Here also were certainly two different ways of feeling about experience. One way had to do with a common sense world of objects separated by outline, keeping themselves to themselves and staying the same, the other had to do with a world of change, of continual development and process, one in which there was no sharp line between one state and the next, as there is no fixed boundary between twilight and darkness but only a gradual merging of the one into the other. But though I could know, in retrospect, that the changing world seemed nearer the true quality of experience, to give oneself to this knowledge seemed like taking some dangerous plunge; to part of my mind the changing world seemed near to a mad one and the fixed world the only sanity. And this idea of there being no fixed outline, no boundary between one state and another, also introduced the idea of no boundary between one self and another self, it brought in the idea of one personality merging with another.
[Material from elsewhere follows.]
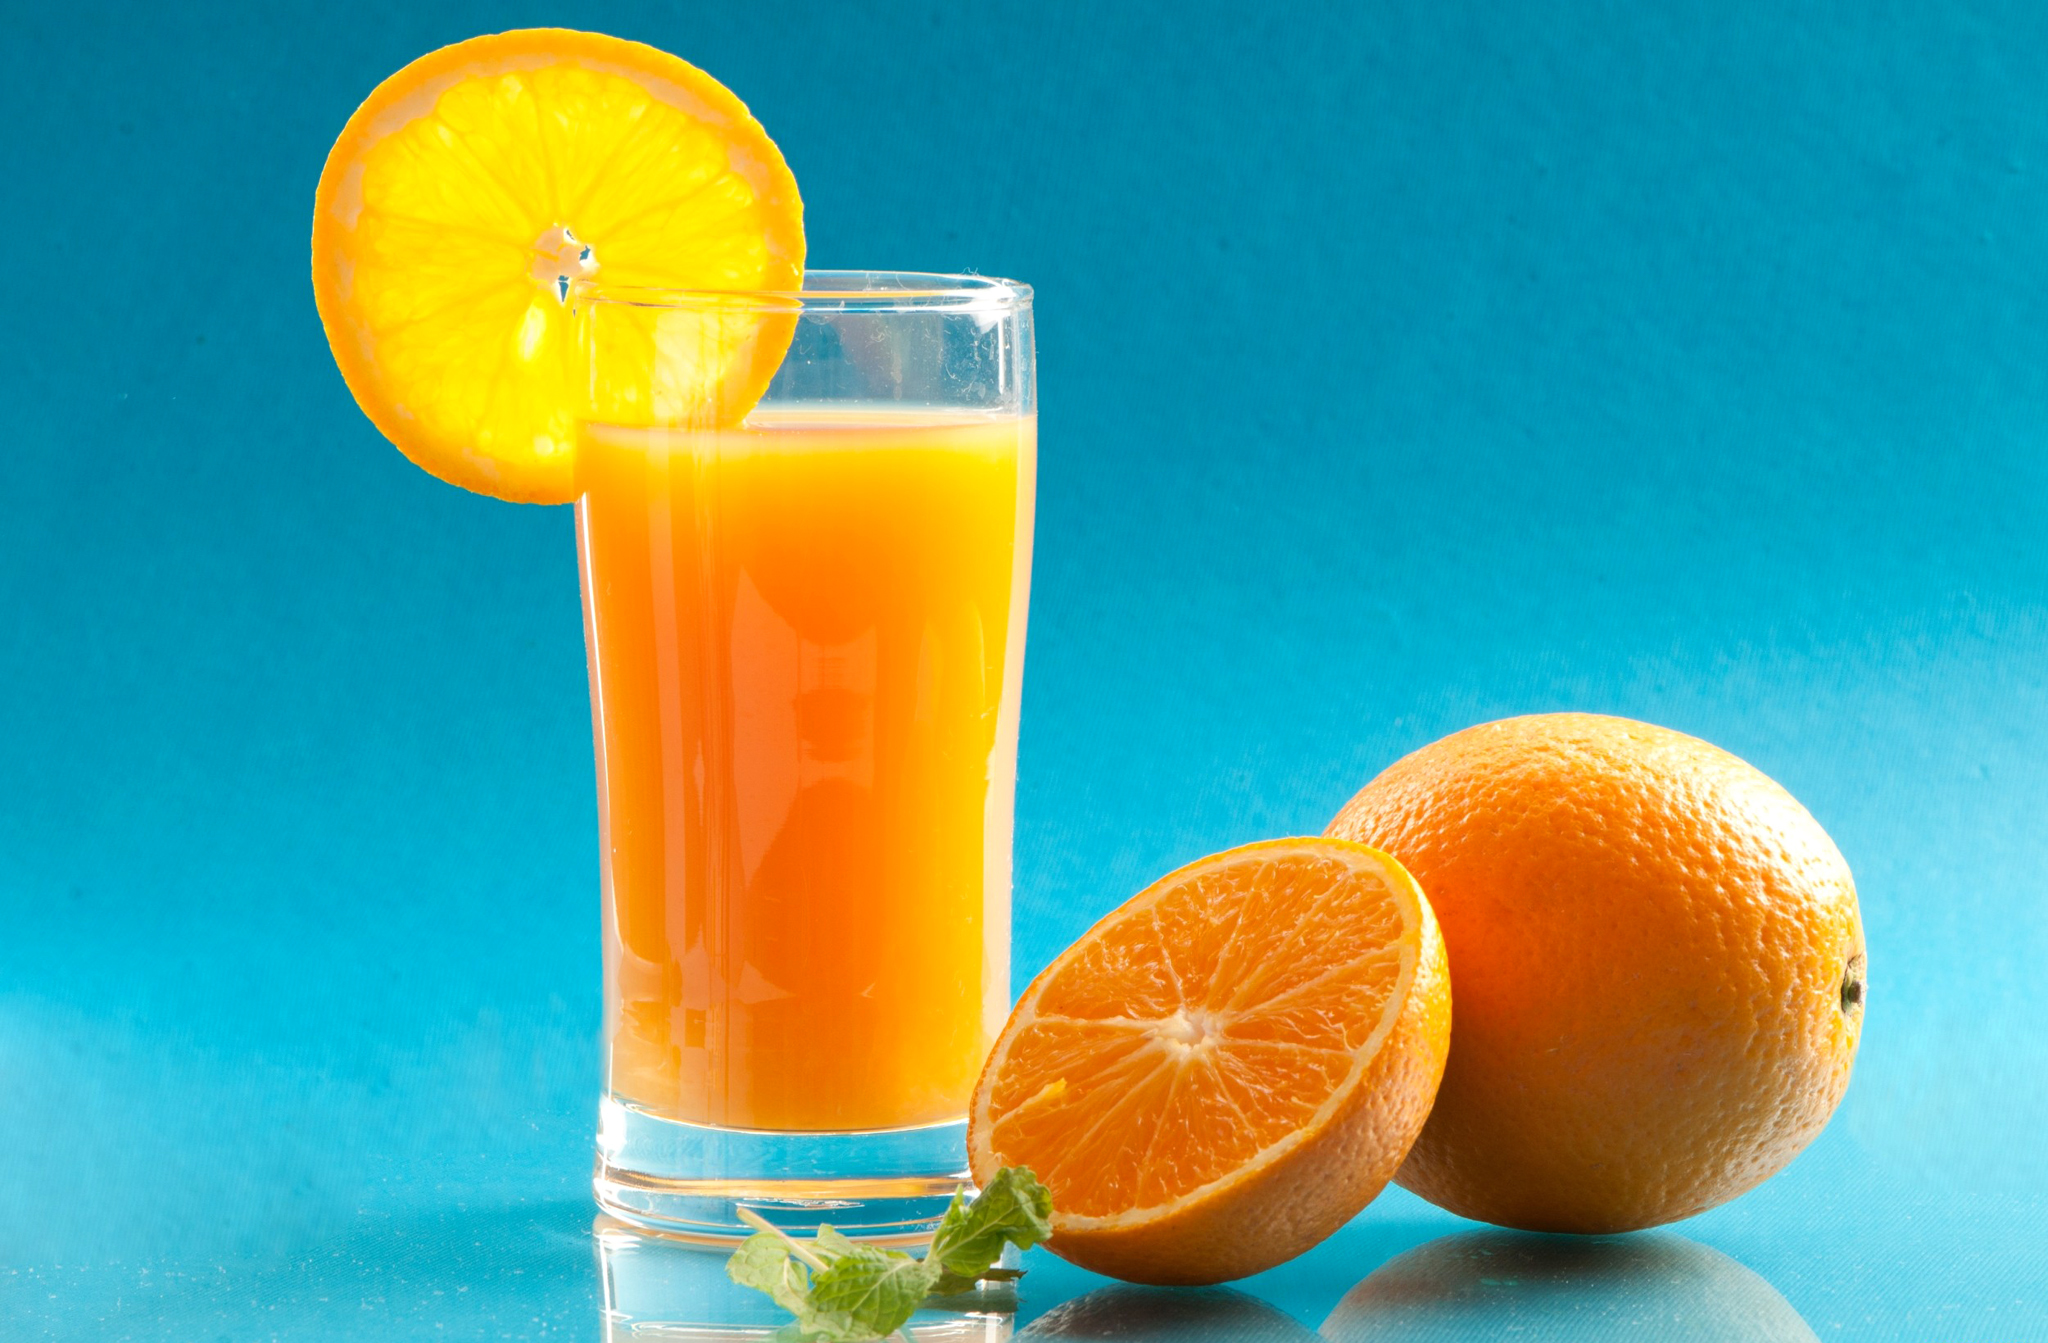 еда апельсин сок food orange juice  № 613518 без смс

Here I could not help remembering what Cézanne is reported to have said about looking at a picture:

‘The part, the whole, the volumes, the values, the composition, the emotional quiver, everything, is there … Shut your eyes, wait, think of nothing. Now, open them … One sees nothing but a great coloured undulation. What then? An irradiation and glory of colour. That is what a picture should give us, a warm harmony, an abyss in which the eye is lost, a secret germination, a coloured state of grace. All these tones circulate in the blood, don’t they? One is revivified, born into the real world, one finds oneself, one becomes the painting. To love a painting, one must first have drunk deeply of it in long draughts. Lose consciousness. Descend with the painter into the dim tangled roots of things, and rise again from them in colours, be steeped in the light of them.’

J. Gasquet: Cézanne

This idea of the very eye which sees being lost, drowned in the flood of colour, sounded all right, as long as it was a coloured state of grace and one did rise again. But supposing one did not? And supposing that it was not a picture but a person that was loved like this? As yet I could not see very far along this way, but later it was to become clear that some of the foreboded dangers of this plunge into colour experience were to do with fears of embracing, becoming one with, something infinitely suffering, fears of plunging into a sea of pain in which both could become drowned. At present, however, I only knew that there was some unknown fear to be encountered in this matter of colour and the plunge into full imaginative experience of it.

Persistent following up of any clue to what the eye liked had then led to this: to having to face the fact of a warmth and a glow and a delight flooding up from within, dictated by no external copy but existing and developing and changing in its own right, as a result of one’s own awareness of the developing relation between oneself and what one was looking at. But at the same time the dispensing with an external copy brought dangers of its own. Certainly it seemed that as long as one is content to live amongst the accepted realities of the common sense world, the fear of losing one’s hold on the solid earth may remain unrecognised; but that as soon as one tries to use one’s imagination, to see with the inner as well as with the outer eye, then it may have to be faced. I say ‘may’ because obviously there are some people for whom ventures into the world of imagination are not beset with dangers, or, at least, not always. I remembered Bunyan’s description of the valley of the Shadow of Death, how some saw in it:

‘… hobgoblins, satyrs, dragons of the pit.’

While Faithful’s report was that for him the sun had shone all the way.